Records provided.

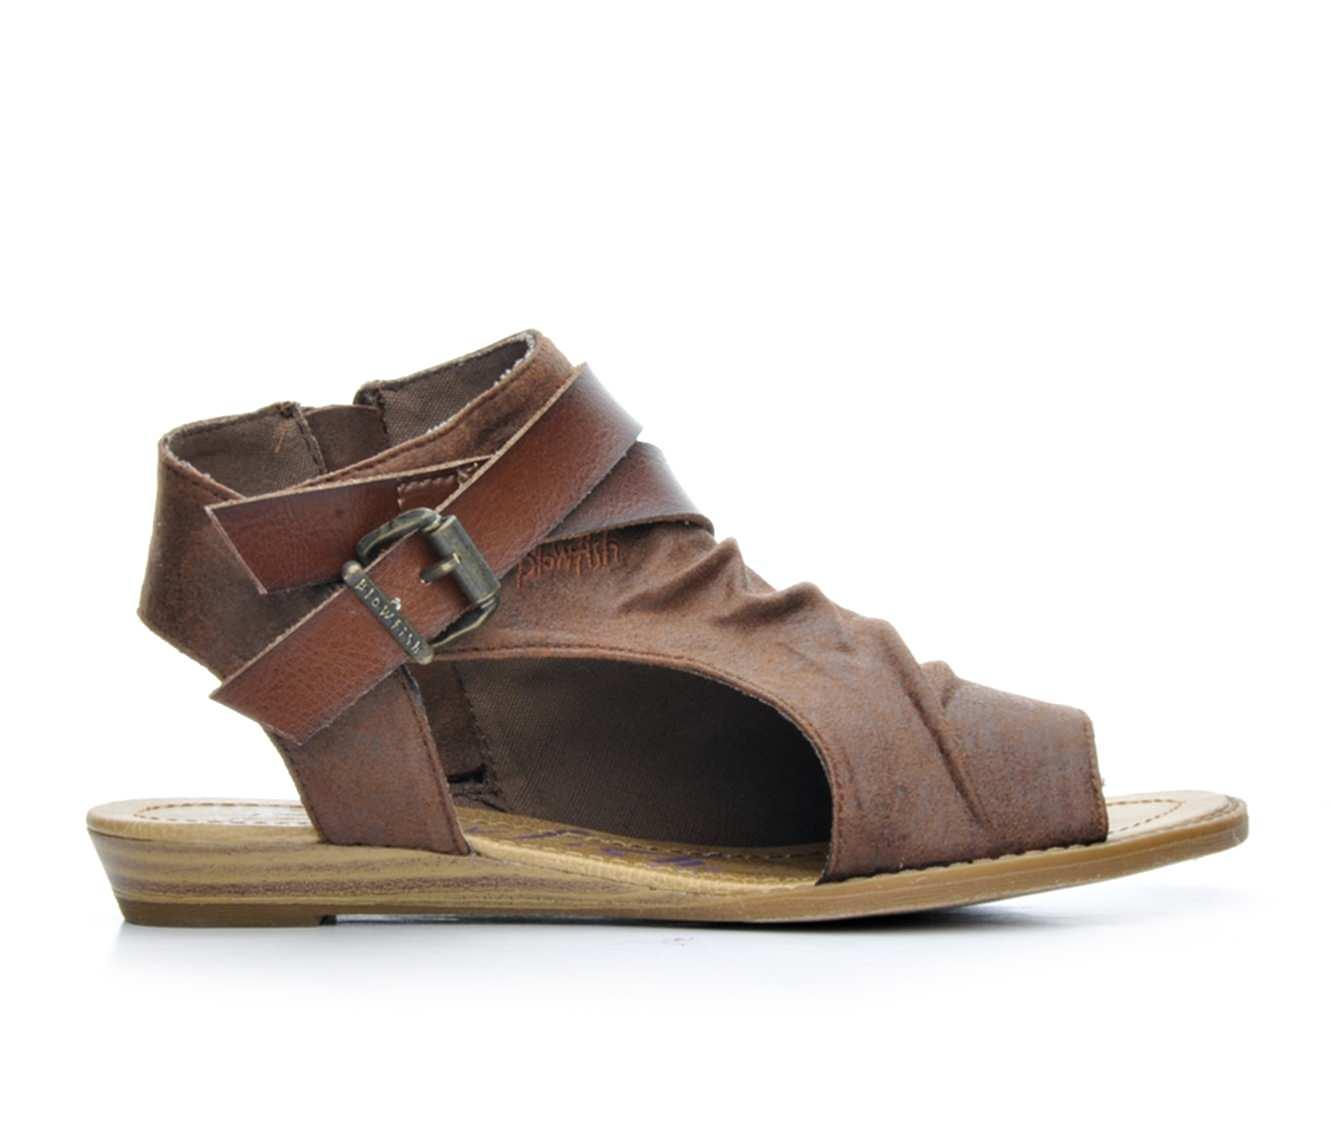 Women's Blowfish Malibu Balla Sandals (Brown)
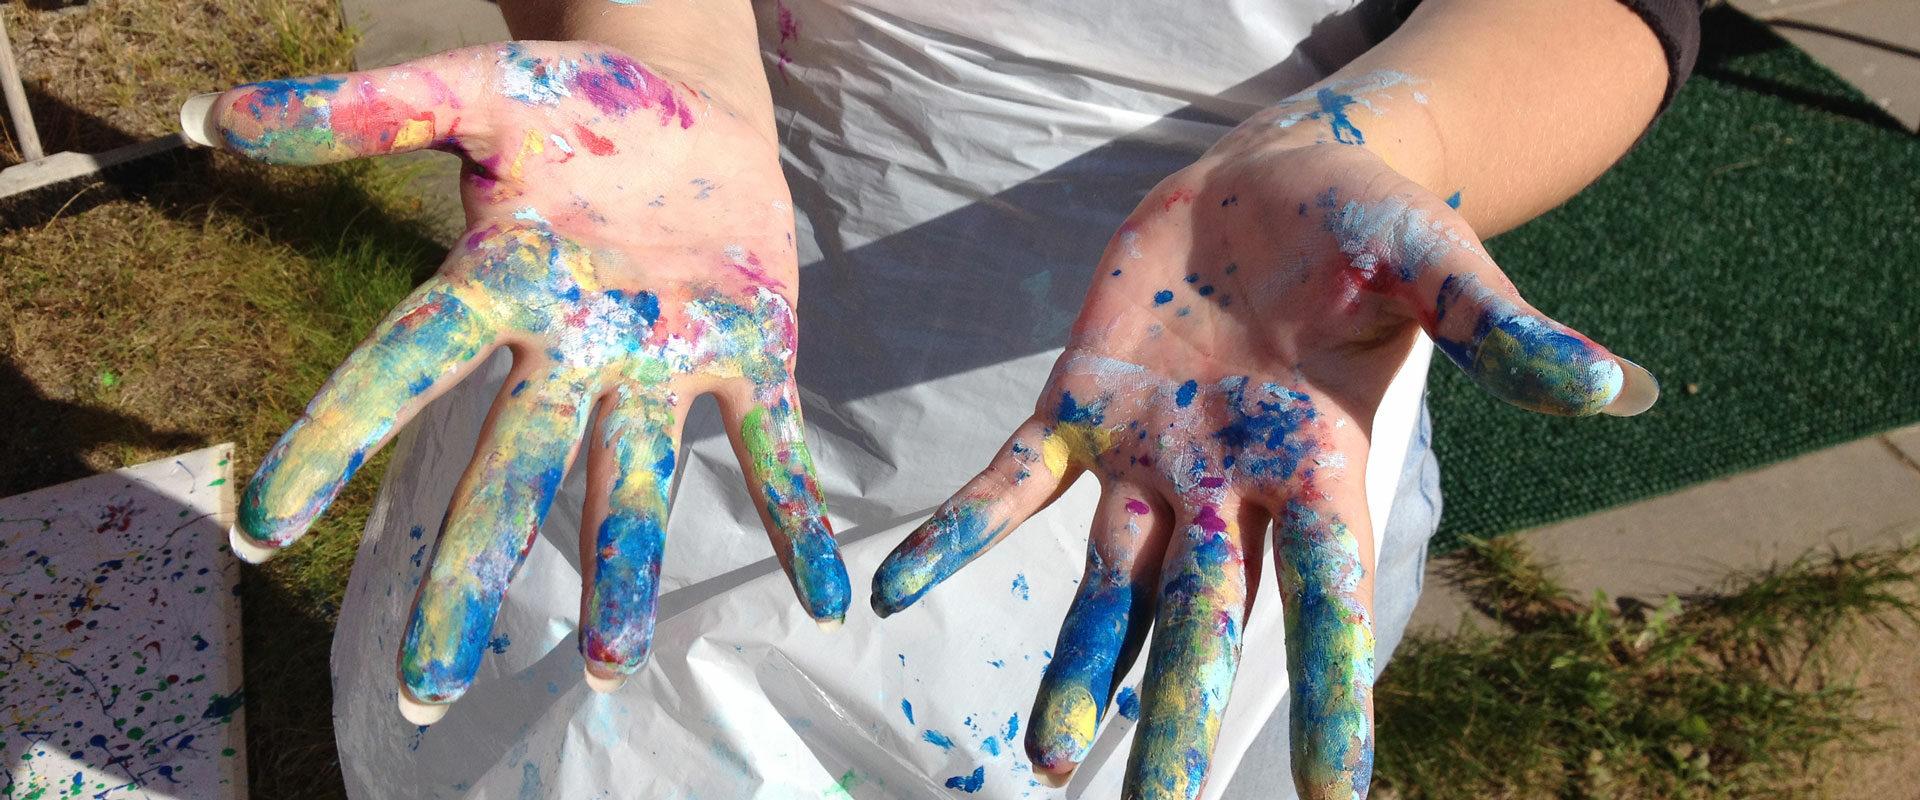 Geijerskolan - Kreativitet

...

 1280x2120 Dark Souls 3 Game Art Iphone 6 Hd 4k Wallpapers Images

Brief. Beginning with the line holding "Women's Blowfish Malibu" in the material above, restate word for word each line through the line holding "Geijerskolan - Kreativitet", and exclude pictures.

Written reply.
 Women's Blowfish Malibu Balla Sandals (Brown)
 Geijerskolan - Kreativitet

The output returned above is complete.